2. The method of claim 1, wherein each search result is selected from the group consisting of (i) a URL, (ii) a domain portion of a URL, (iii) a host portion of a URL, (iv) a host and path portion of a URL, (v) a set of key terms associated with a URL, and (vi) metadata associated with a URL.

3. The method of claim 1, further comprising generating third search results in response to receiving the one or more second search queries from a remote device, wherein the third search results are selected with reference to the categories associated with the one or more second search queries, and transmitting the third search results to the remote device for display.

4. The method of claim 3, wherein the third search results comprise one or both of organic search results or sponsored search results.

5. The method of claim 1, further comprising selecting advertisements in response to receiving the one or more second queries from a remote device with reference to the categories associated with the one or more second queries, and transmitting the advertisements to the remote device for display.

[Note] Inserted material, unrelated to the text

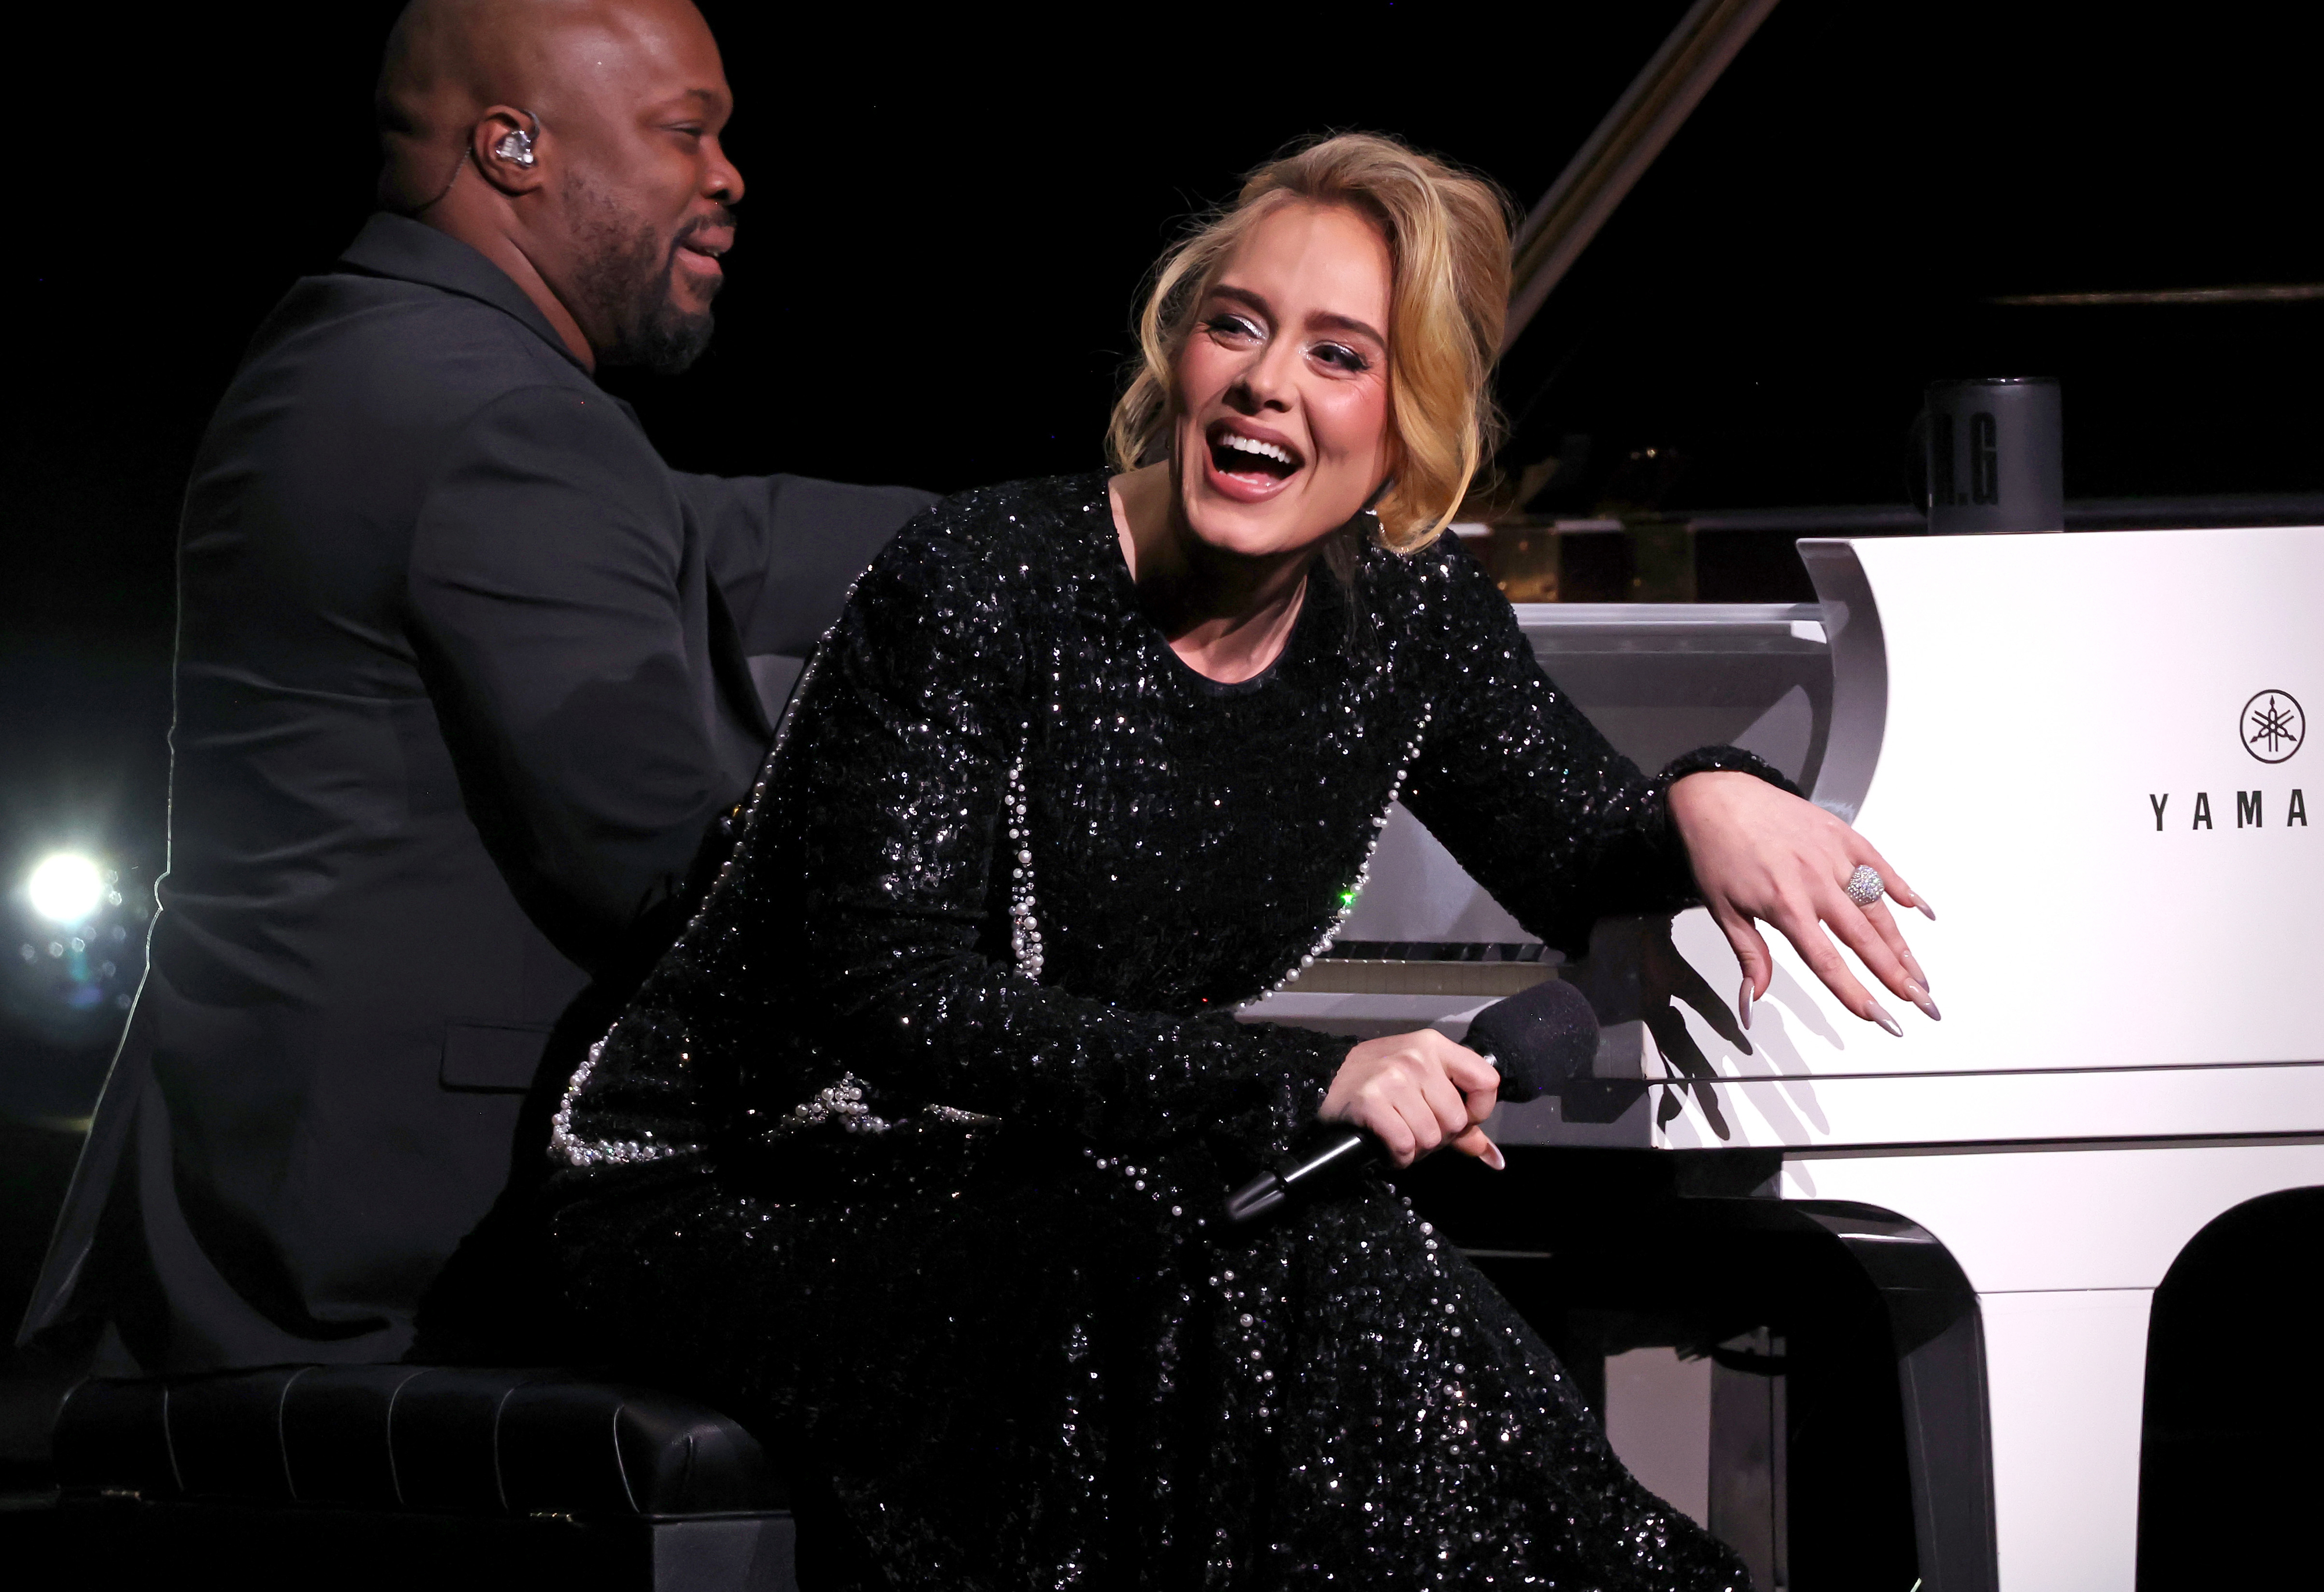 Adele laughing next to a pianist on stage, wearing a long-sleeved black glittery dress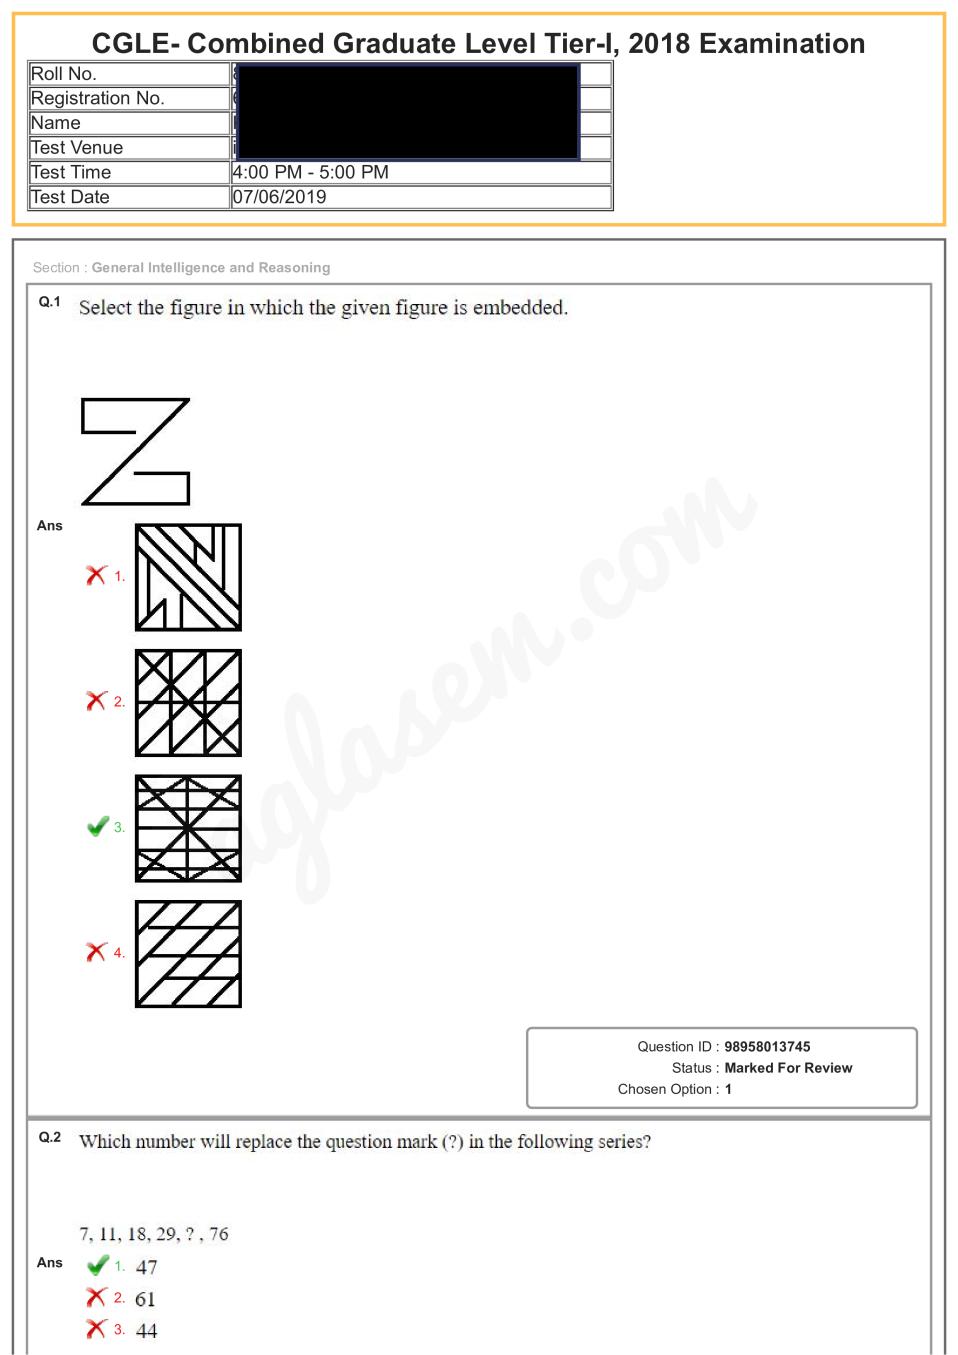 SSC CGL 2018 Question Paper Tier 1 Exam - 07 Jun 2019 Shift 3 - Page 1

6. The method of claim 1, wherein the second search queries comprise a history of search queries performed for a user, and further comprising associating one or more categories with the user with reference to the categories associated with the one or more second search queries.

7. The method of claim 1, further comprising selecting advertisements to display on a website based on the categories and weights assigned to the website located among the first search results.

8. A system for assigning categories to search queries comprising one or more computing devices configured to: obtain first search queries with associated categories; obtain first search results responsive to the first search queries; assign each first search result a set of categories comprising the categories associated with the first search queries to which the search result was responsive; assign a weight to each category in each set of categories based on a frequency with which the corresponding first search result appeared in response to the first search queries; obtain second search results responsive to one or more second search queries; associate one or more categories with the second search queries with reference to the categories and weights assigned to the first search results found among the second search results.

9. The system of claim 8, wherein each search result is selected from the group consisting of (i) a URL, (ii) a domain portion of a URL, (iii) a host portion of a URL, (iv) a host and path portion of a URL, (v) a set of key terms associated with a URL, and (vi) metadata associated with a URL.

10. The system of claim 8, wherein the one or more computing devices are further configured to generate third search results in response to receiving the one or more second search queries from a remote device, wherein the third search results are selected with reference to the categories associated with the one or more second search queries, and transmit the third search results to the remote device for display.

11. The system of claim 10, wherein the third search results comprise sponsored search results.

12. The system of claim 8, wherein the one or more computing devices are further configured to select advertisements in response to receiving the one or more second queries from a remote device with reference to the categories associated with the one or more second queries, and transmit the advertisements to the remote device for display.

13. The system of claim 8, wherein the second search queries comprise a history of search queries performed for a user, and wherein the one or more computing devices are further configured to associate one or more categories with the user with reference to the categories associated with the one or more second search queries.

14. The system of claim 8, further configured to select advertisements to display on a website based on the categories and weights assigned to the website located among the first search results.

15. A computer program product for categorizing search queries, comprising at least one computer-readable medium having computer instructions stored therein which are operable to cause a computer device to: obtain first search queries with associated categories; obtain first search results responsive to the first search queries; assign each first search result a set of categories comprising the categories associated with the first search queries to which the search result was responsive; assign a weight to each category in each set of categories based on a frequency with which the corresponding first search result appeared in response to the first search queries; obtain second search results responsive to one or more second search queries; associate one or more categories with the second search queries with reference to the categories and weights assigned to the first search results found among the second search results.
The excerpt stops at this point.